West Africans seek UNESCO biosphere reserves for sustainable development

West African environment ministers, meeting at the United Nations cultural agency in Paris, have called on the New Partnership for Africa's Development (NEPAD) to use six major nature reserves in the region as sustainable development sites to generate incomes and help fight poverty.

"Concerned by the ongoing environmental degradation and the concomitant increasing poverty across the African continent, we are committed to promoting the use of biosphere reserves as operational sites for sustainable development in the fight against poverty and in implementing the action plan of the Environment Initiative of NEPAD," the ministers said.

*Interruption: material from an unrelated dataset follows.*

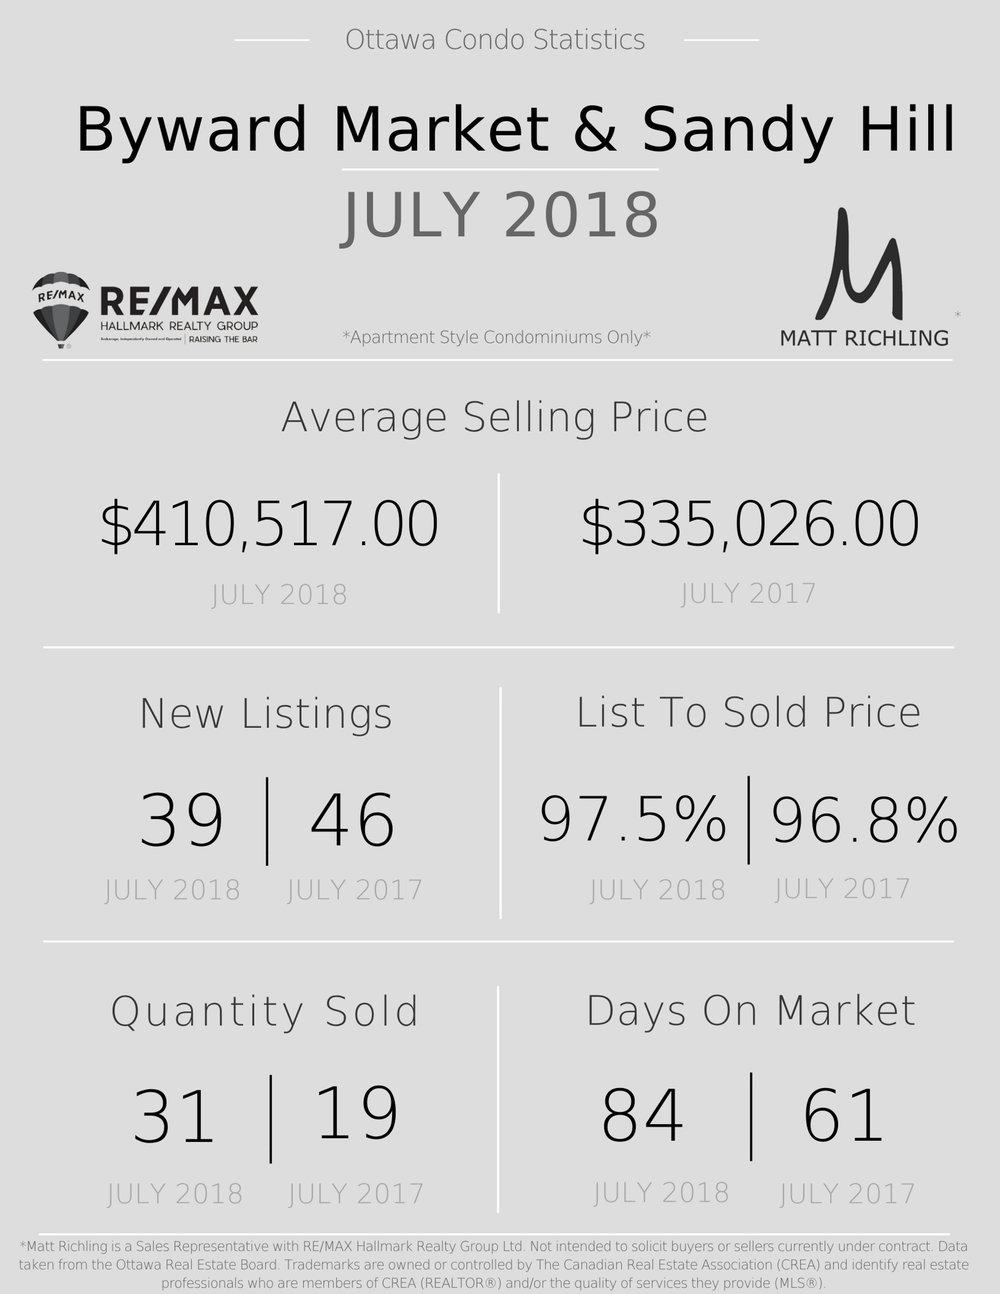 Condo Market Statistics Ottawa - Byward Market and Sandy Hill.jpg

They were launching a four-year project yesterday, sponsored by the UN Educational, Scientific and Cultural Organization (UNESCO) and the UN Environment Programme (UNEP), to improve management of the reserves. In the UNESCO-designated biosphere reserves, communities try to reconcile conservation with sustainable use of natural resources

"Biosphere reserves constitute perfect field laboratories for implementing the environmental objectives of NEPAD and the (2002) World Summit for Sustainable Development," said UNESCO Director-General Koïchiro Matsuura.

The project will compile an inventory of the reserves' plants and animals, while building scientific and administrative institutions to manage the environmental impact of such economic activities as agriculture, hunting, fishing and animal rearing.

Communities neighbouring the reserves will develop new means of income-generation, such as eco-tourism, UNESCO said.

The areas chosen include Pendjari Biosphere Reserve in Benin, ringed by 30 villages, Mare aux Hippopotames Biosphere Reserve wetlands in Burkina Faso, and the Comoé Biosphere Reserve in Côte d'Ivoire, with about 210 people living in its core area.

Also included are Boucle de Baoulé in Mali, fringed by dense forest with many dependent ethnic groups nearby, Niokolo-Koba Biosphere Reserve in Senegal, as well as the million-hectare "W" Region Biosphere Reserve in Benin, Burkina Faso and Niger.

The project, with a budget of more than $6 million, is partly financed by the Global Environment Facility and UNESCO's AfriMAB network, which comprises 63 biosphere reserves, designated between 1976 and 2003 in 29 African countries.